The functional targeted of nanovehicles can be achieved through two different strategies: (i) active targeting and (ii) stimuli-responsive targeting [64]. Active targeting configures the nanovehicle to target-specific cells after extravasation using the molecular recognition (ligand-receptor or antigen-antibody interactions) of the tumor cells through specific receptors that are overexpressed on them [65]. The ligand must have a high affinity for its receptor, and trigger receptor-mediated endocytosis, after which the intracellular release can be favored by acidic pH or enzyme [66]. These ligands can be either adsorbed onto the particle surface or covalently bound to one of the components of the nanoparticles, normally poly-(ethylene glycol). Different types of ligands can be used to target cancer cells, including, most commonly, folic acid, and peptides or protein-targeting moieties, such as antibodies, anti-body fragments, cell-penetrating peptides (CPPs), growth factors, or cytokines.

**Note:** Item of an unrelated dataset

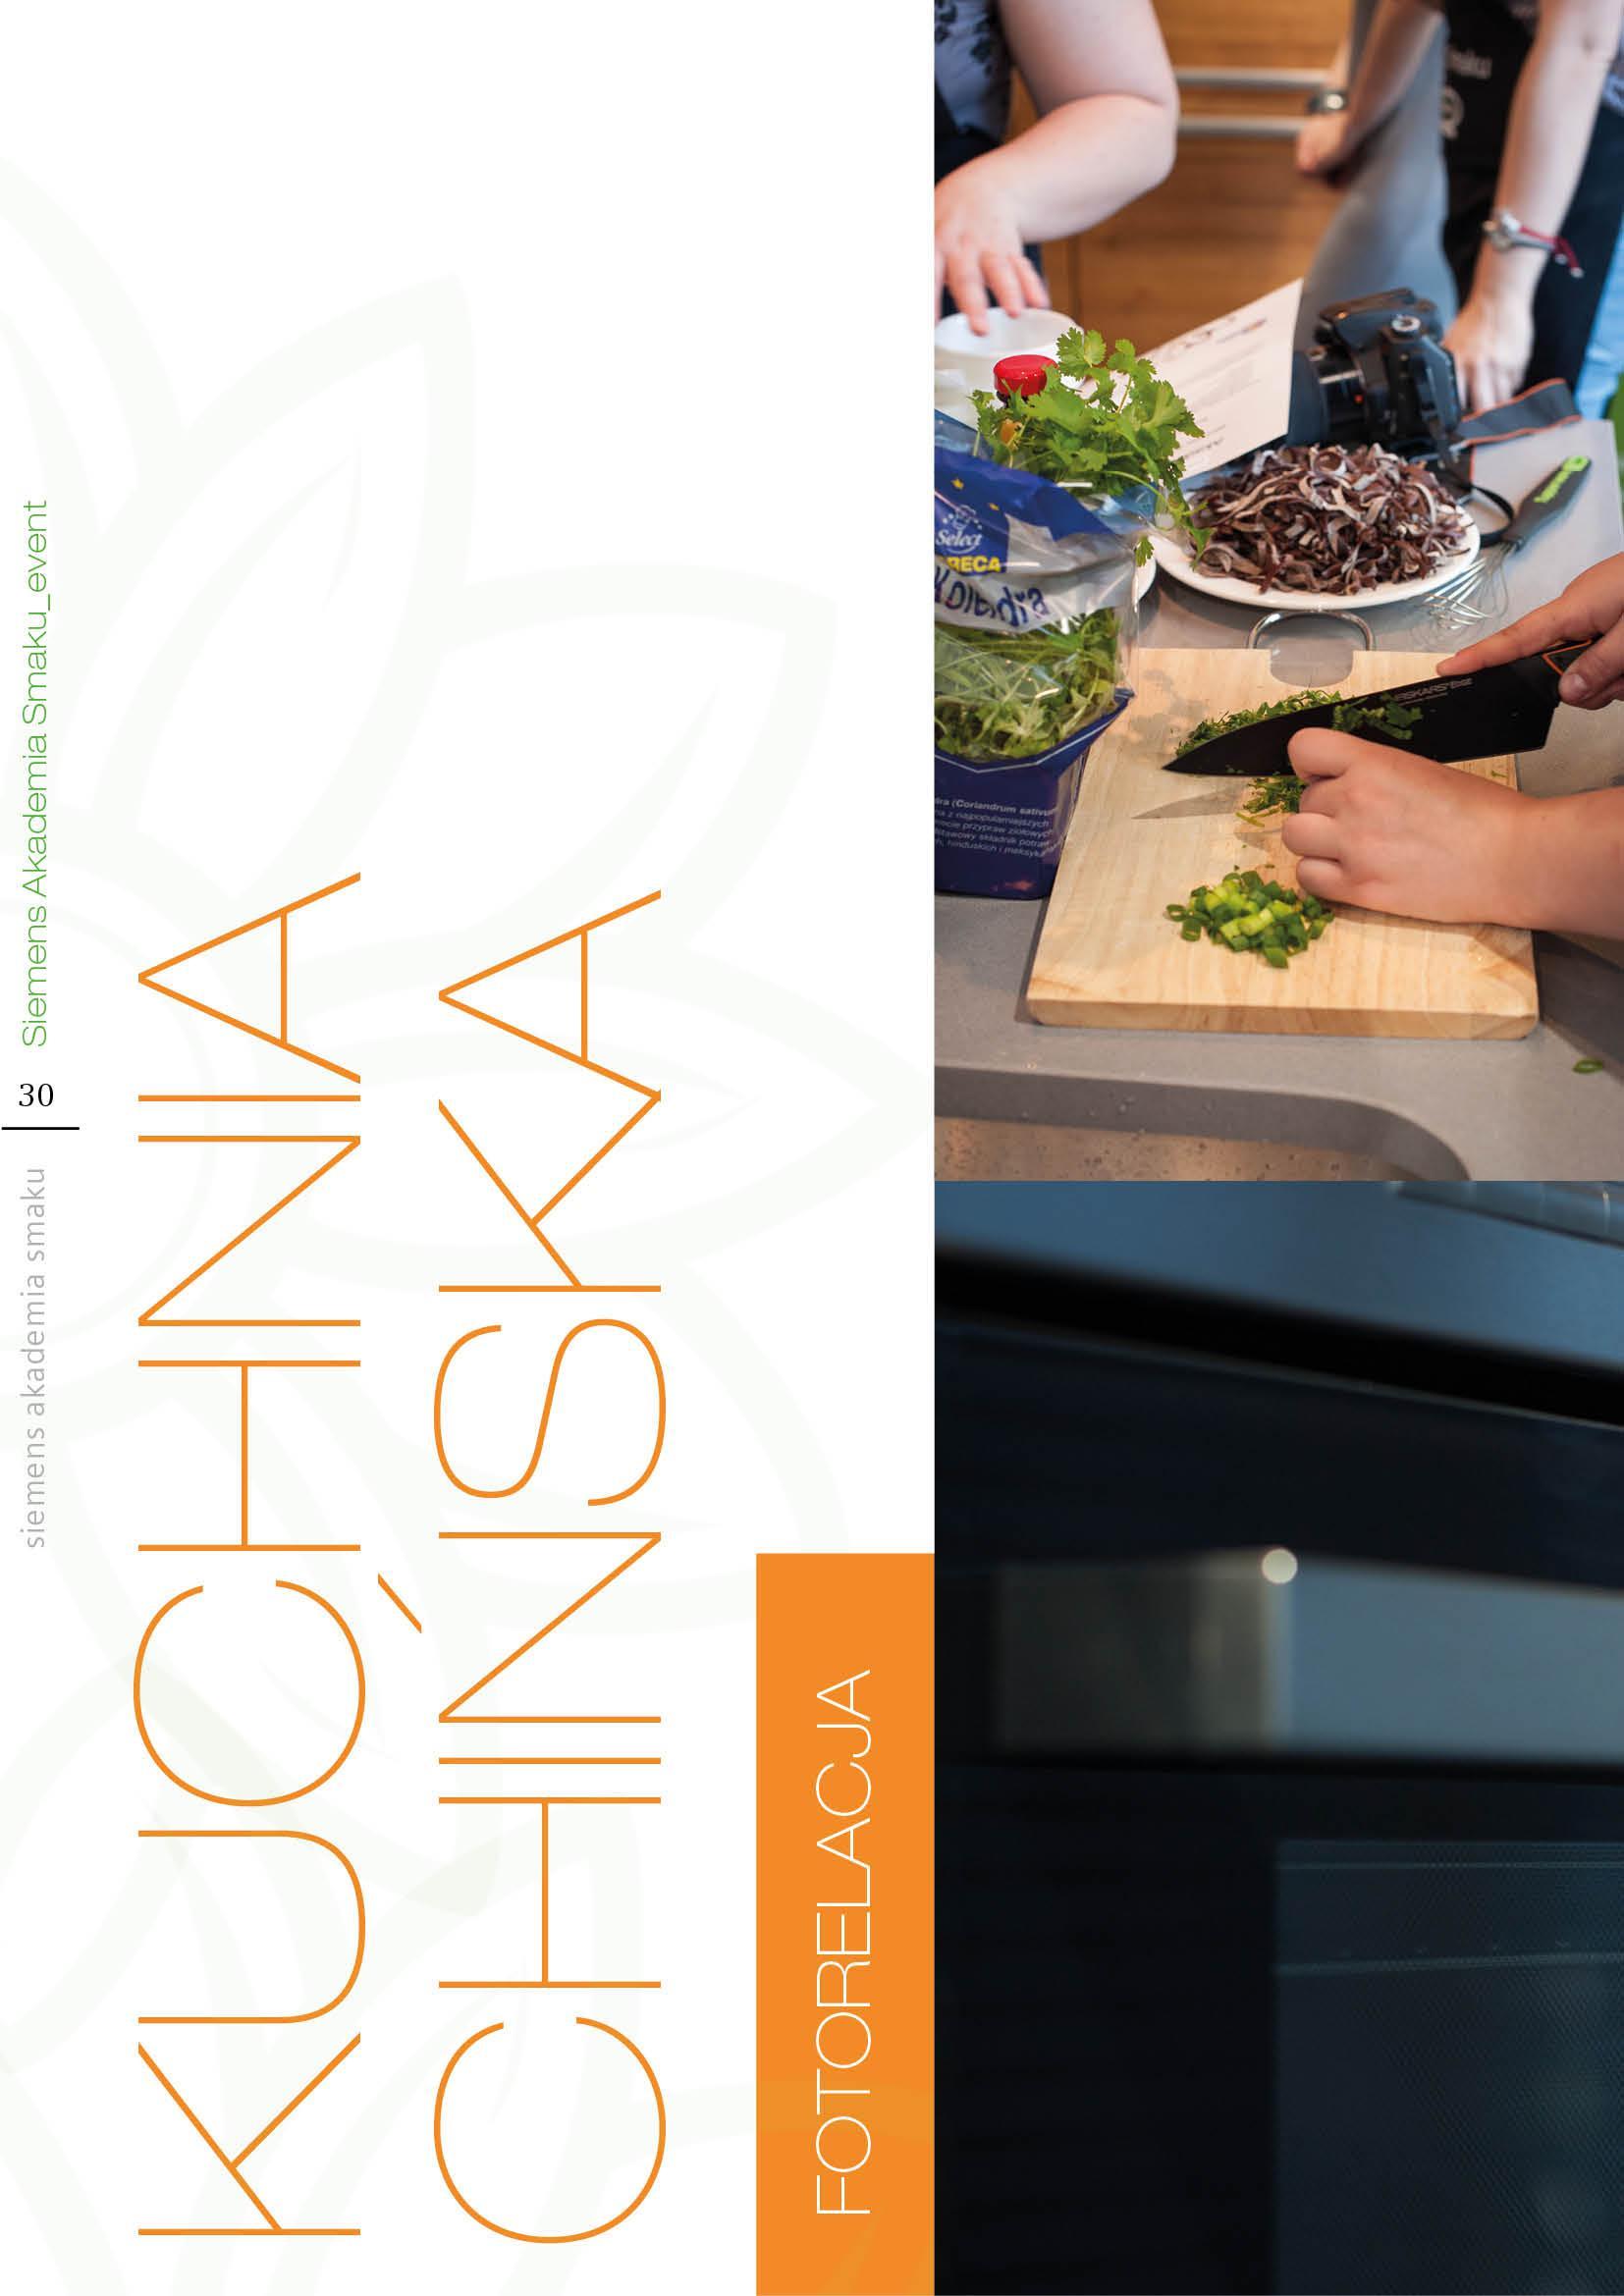 Kuchnia chińska - Strona 30

This interaction is highly specific and strong, and antibodies seem to be the most effective ligands. The production of conventional antibodies is difficult and expensive; therefore, specifically, an amino acid sequence called the antigen-binding fragment (Fab), which univocally binds to antigens, is preferred because of it is safe against non-specific binding and can be easily engineered [67]. Finally, the small synthetic single-stranded RNA or DNA oligonucleotides (normally composed of 20–60 nucleotides), called aptamers, which can form specific shapes (helices or single-stranded loops), are a new type of ligands that are extremely versatile and can bind different kinds of targets—proteins, inorganic molecules, and cells with high selectivity. Their preparation is much simpler and cheaper than the antibodies, not showing any sign of toxicity [68,69].

On the other hand, stimuli-responsive targeting is intended as the localized release of drugs induced by a trigger that alters the structure of the nanocarrier [70]. This system is highly specific and can be activated “on-demand” at the desired site. Stimuli can be internal, such as variations in pH, redox conditions, and ionic strength, or external, such as temperature, ultrasounds, magnetic fields, and ultraviolet/near-infrared (UV/NIR) radiation [71].

DDS can be designed to be responsive to these stimuli and to achieve enhanced release of their cargo in the precise location [72]. Moreover, external stimuli such as local hyperthermia and UV/NIR light can act in the microenvironment, for example, by enhancing the permeability of blood vessels to favor tissue penetration, or ultrasounds can induce the release of contrast agents at the tumor site, while magnetic fields can locally drive DDS, thus triggering drug release via hyperthermia [73,74].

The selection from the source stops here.